Rolling up the statistics

Finally we have all of the pieces we need: tagged resources in the AWS billing CSV, data about when every ECS event started and stopped, a mapping between ECS service names and the relevant product areas, and EBS mapping data.

To roll all of this up, I broke out the analysis by AWS product. For each AWS product, I totaled the Segment product areas, and their costs, for that AWS product. I recommend breaking out the analysis by AWS product area because each required a fair amount of massaging - in some cases, an automated tagging rule that needed to be applied to a subset of resources that were not managed via Terraform, or in other cases (like the AWS support bill), manually tagging the entire AWS product with a single product area. EC2 was the most complex because we also needed to aggregate the EBS and the ECS data.

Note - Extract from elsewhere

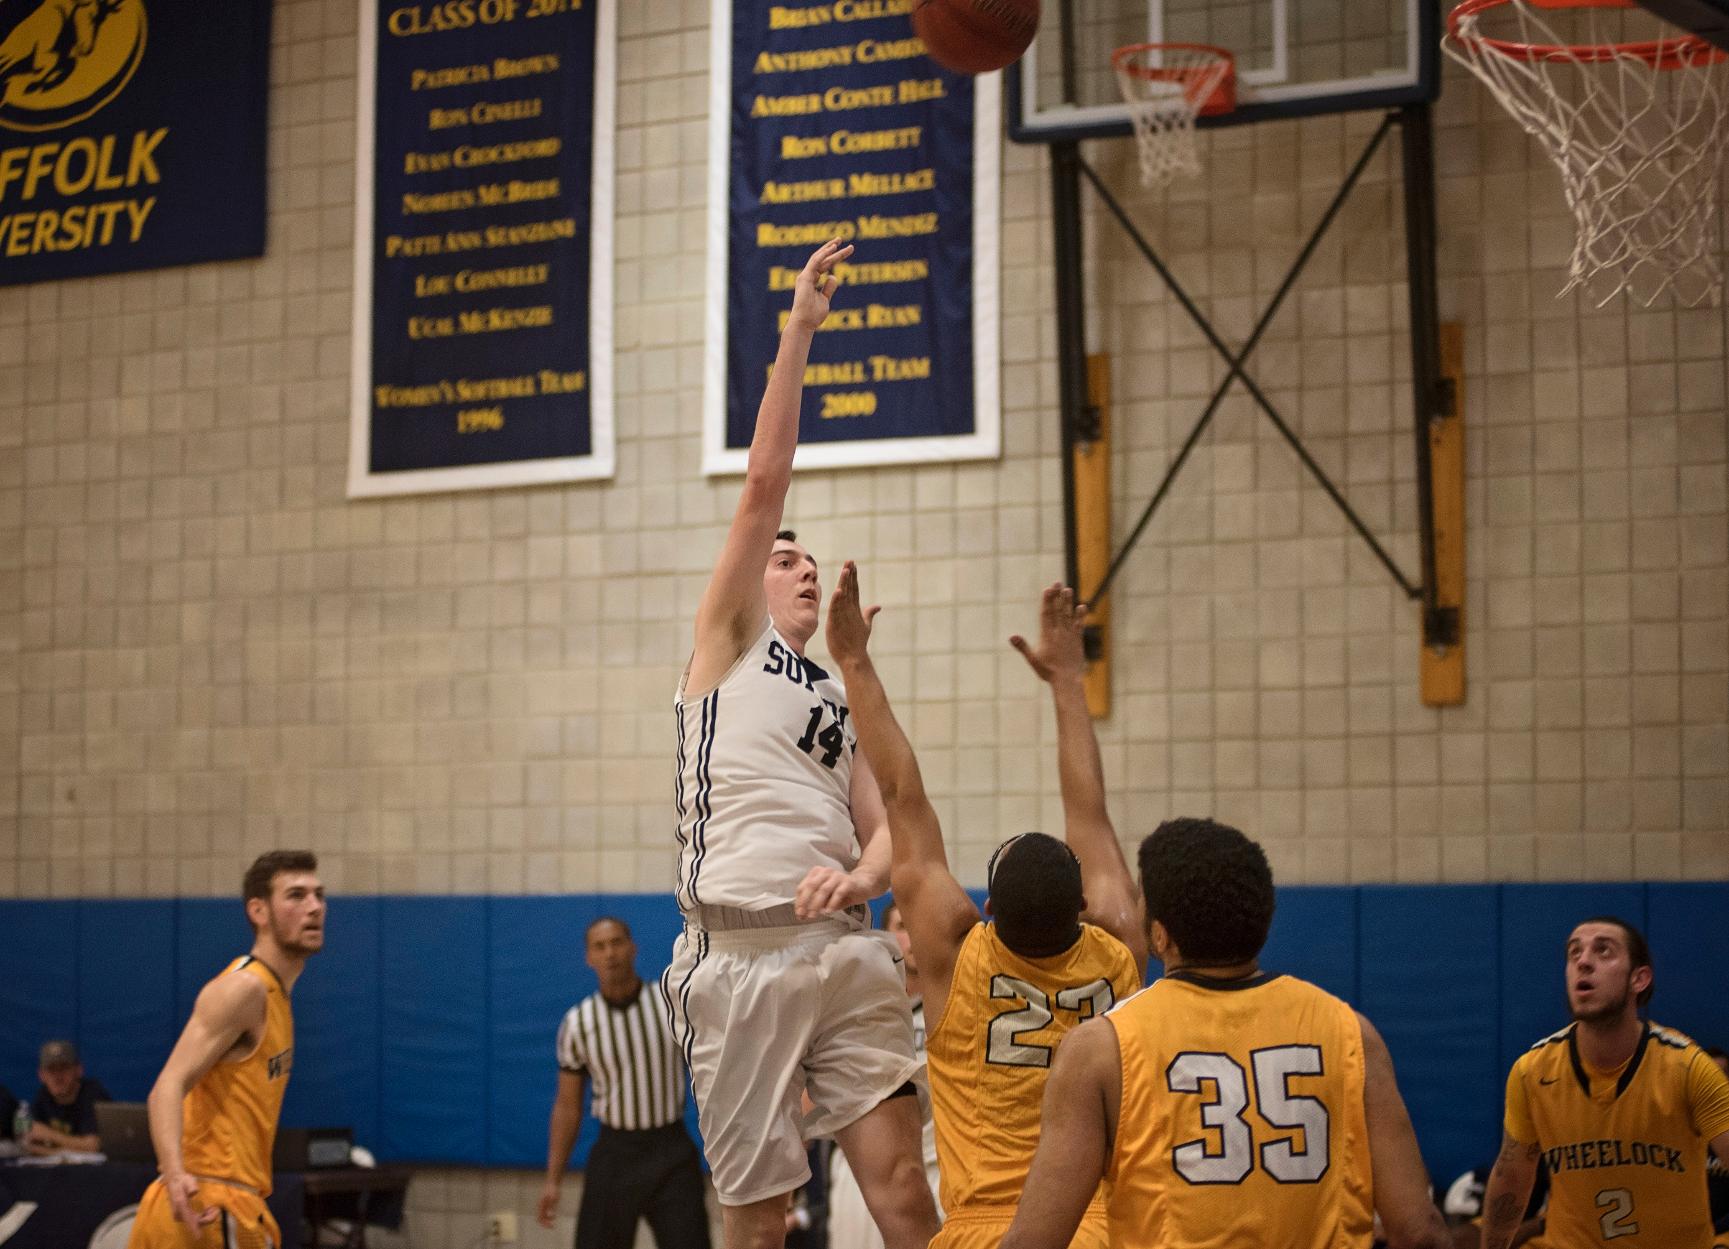 Men’s Basketball Downs Norwich, 61-52, For First GNAC Victory

The data gets rolled up into three different tables:

For each of these tables, we have a finalized table that contains the finalized numbers for each month, and a rollup append-only table that writes new data for a month as it updates every day. A unique identifier in the rollup table identifies a given run, so you can sum the AWS bill by finding all of the rows in a given run.

Errata

Conclusion

This was a lot of hard work but at the end Segment has a lot better visibility into the components of their AWS bill, and the costs of bringing on new customers. They'll be able to see if a single service or a single product area is suddenly costing a lot more, before that causes too much of a hit to their bottom line.

Hopefully this case study will be useful for helping you get a better sense of your costs!